Gemini Nano sounds like the most exciting part IMO.
IIRC Several people in the recent Pixel 8 thread were saying that offloading to web APIs for functions like Magic Eraser was only temporary and could be replaced by on-device models at some point. Looks like this is the beginning of that.
> "Using the power of Google Tensor G3, Video Boost on Pixel 8 Pro uploads your videos to the cloud where our computational photography models adjust color, lighting, stabilization and graininess."*
I wonder why the power of Tensor G3 is needed to upload your video to the cloud...
It runs an on-device LLM to generate a HTTP POST every time. It took four interns half a week to reduce the hallucinations, but a PM got a promotion after that.
I think a lot of the motivation for running it in the cloud is so they can have a single point of control for enforcing editing policies (e.g. swapping faces).
Do you have evidence of that? Photoshop has blocked you from editing pictures of money for ages and that wasn't in the cloud. Moreover, how does a Google data center know whether you're allowed to swap a particular face versus your device? It's quite a reach to assume Google would go out of their way to prevent you from doing things on your device in their app when other AI-powered apps on your device already exist and don't have such policy restrictions.

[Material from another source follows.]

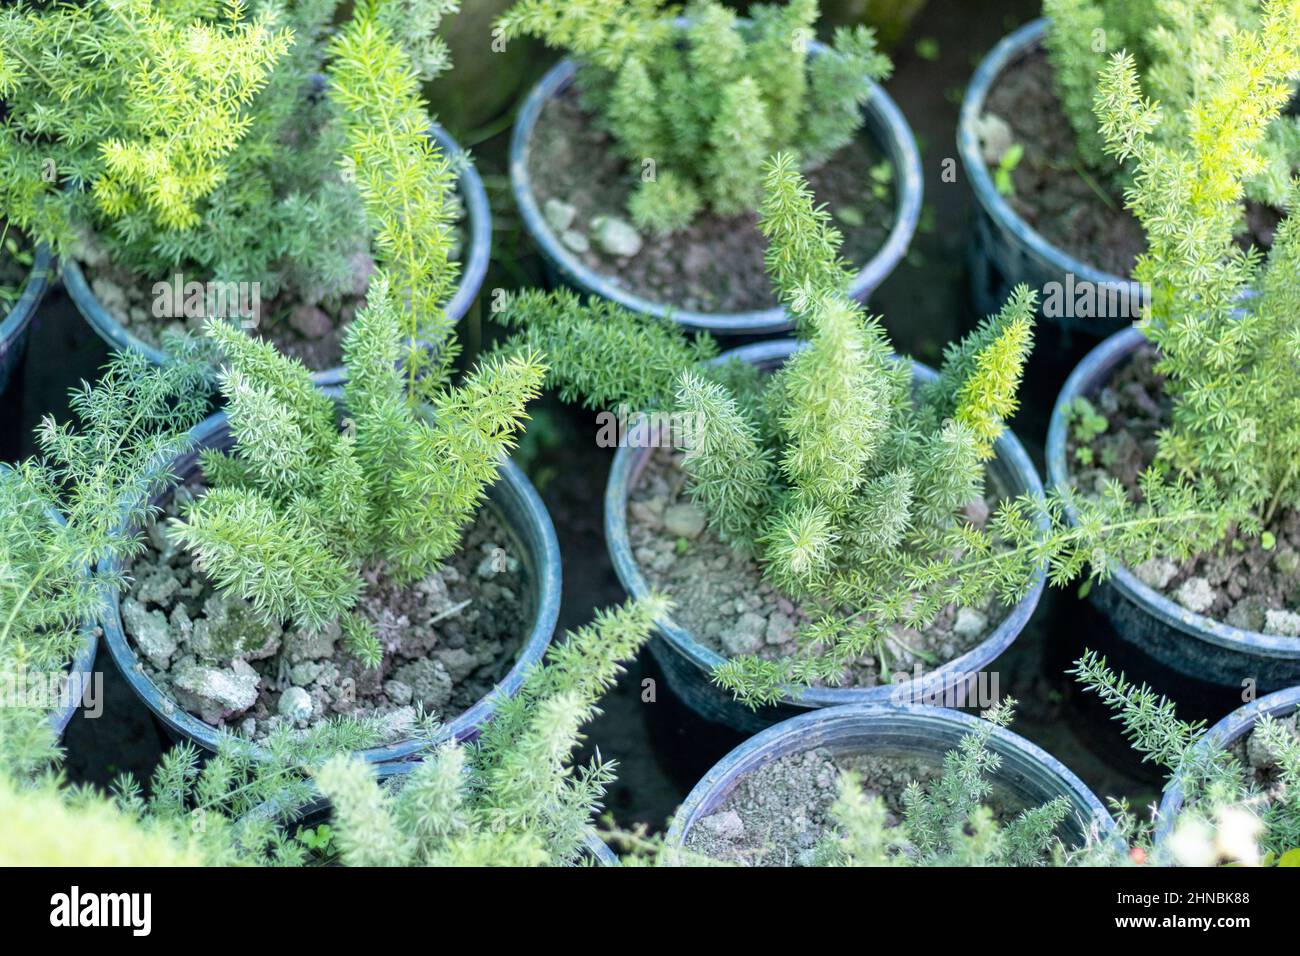 Asperges fougère de petites plantes en pot Banque D'Images

I have no doubt Google could (and might) enforce a lot of these rules on the device, but they likely route it through the cloud if there's a new "exploit" that they want to block ASAP instead of waiting for the app to update.
This is an example of the reputational risk Google has to deal with that small startups don't. If some minor app lets you forge photos, it's not a headline. If an official Google app on billions of devices lets you do it, it's a hot topic.
It could simply also be that their inpainting model is quite bad at certain things, and replacing a person's head produces consistently bad results. Hiding the problem could simply be easier than fixing it.
The fact that it's multimodal is very interesting, they might not make it open source, but if they intend run it on people's devices, even if they intend to implement DRM, someone will figure out how to extract the weights and get it running outside.
IIRC Several people in the recent Pixel 8 thread were saying that offloading to web APIs for functions like Magic Eraser was only temporary and could be replaced by on-device models at some point. Looks like this is the beginning of that.